64% of the United States’ gross domestic product, or $5.907 billion, comes from family-owned businesses. 62% of the U.S. work force is employed by family-owned businesses.
30% of all family-owned businesses survive into the second generation, 12% will still be viable into the third generation, and 3% are still operating at the fourth-generation level and beyond. 19% of family businesses have not completed any estate planning other than writing a will, and only 37% have a strategic plan.
24% of businesses responding to an American Family Business Survey have a female CEO or president.
Return on assets is better in family firms, with a 6.65% greater return than non-family firms.
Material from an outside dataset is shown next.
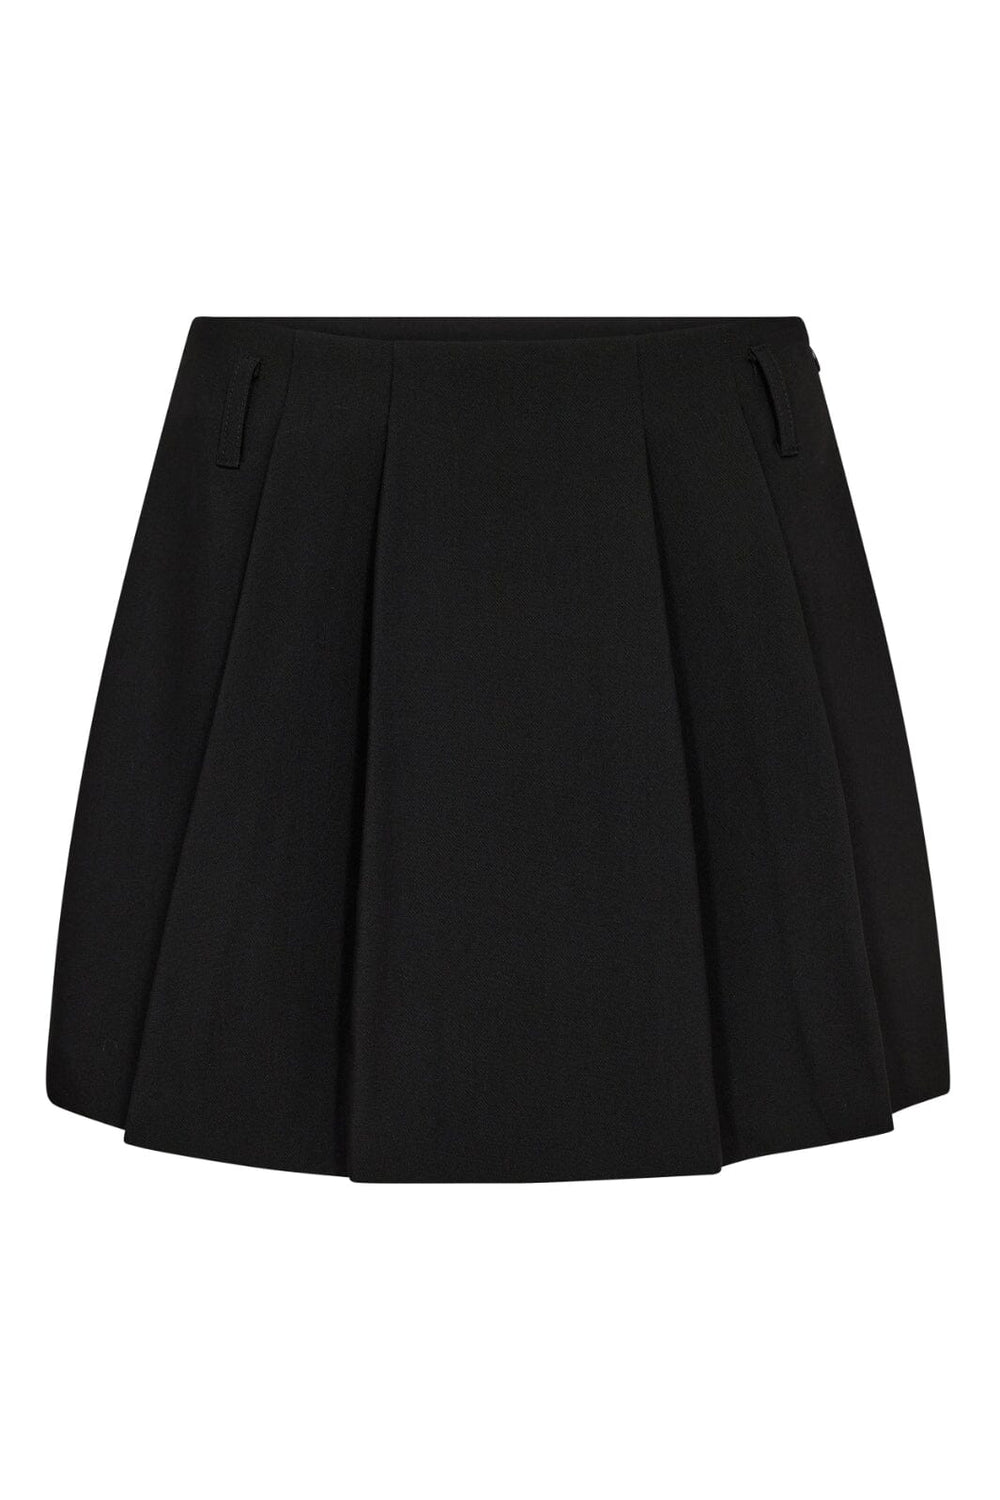 Forudbestilling - Co´couture - Volacc Pleat Skirt - 96 Black Nederdele

Family business performance is greater, with an economic value added increase of 5.5%, when founding families maintain an ownership stake.
Compiled from Family Business Review and the American Family Business Survey by Raymond Institute/MassMutual
So You Want to Work with Family
Tips from Top Family Business Experts on How to Avoid Common Disputes
Take the time to hire an attorney when starting your business. Attorneys can help prevent future conflict by drafting appropriate shareholder or operating agreements. “Whether it’s a family member or friend, you need to have these agreements in place to set up who will do what,” explained Scott Behren, a South Florida-based employment attorney.
Determine a tie-breaker. It may seem obvious to split a business 50-50 between husband and wife, but that presents problems when there is disagreement. “You need to make sure your shareholder or operating agreement has some way to break ties if you don’t agree,” Behren said. The tiebreaker can be a neutral third party, such as a CPA, attorney or even a trusted family member.
Add non-family members to your board or a non-family CEO. Whether it’s a board of directors, board of advisers, or even the CEO, experts say it’s best to bring in new blood. “It’s very important to give a more objective perspective and bring in talents the family business needs,” said Jane Hilburt-Davis, a Boston-based family business adviser. “If they are trusted, they can really add a wonderful outside voice to the family. It’s very important.” Many second- or third-generation family members hire an outside CEO and keep their stake in the business rather than become involved in day-to-day management.
Develop a process for settling disputes. It’s not so important what the disagreement is, but how you settle it. “The very first thing I do with clients is help them figure out, ‘How are we going to make a decision?’” Hilburt-Davis said. “It might be consensus or majority, as long as they agree on the type of process to make decisions.”
Decide how to value what your business is worth. What a business is worth is called its valuation. Often family members will each own a certain stake, or number of shares in a business. If the shareholder or operating agreement doesn’t spell out how to determine what the shares are worth, you will “spend a lot of money on valuation experts and accountants,” Behren said. A better solution is to determine a formula to use in advance, using a certain percentage of revenue or income, for instance.
Have a succession plan. Most disputes that Hilburt-Davis sees revolve around who will control the business next and when, or whether, to sell it. It can cause tremendous stress within an extended family, even if only two family members are butting heads. “The stakes are very, very high, and it’s usually a lot of family assets,” Hilburt-Davis said.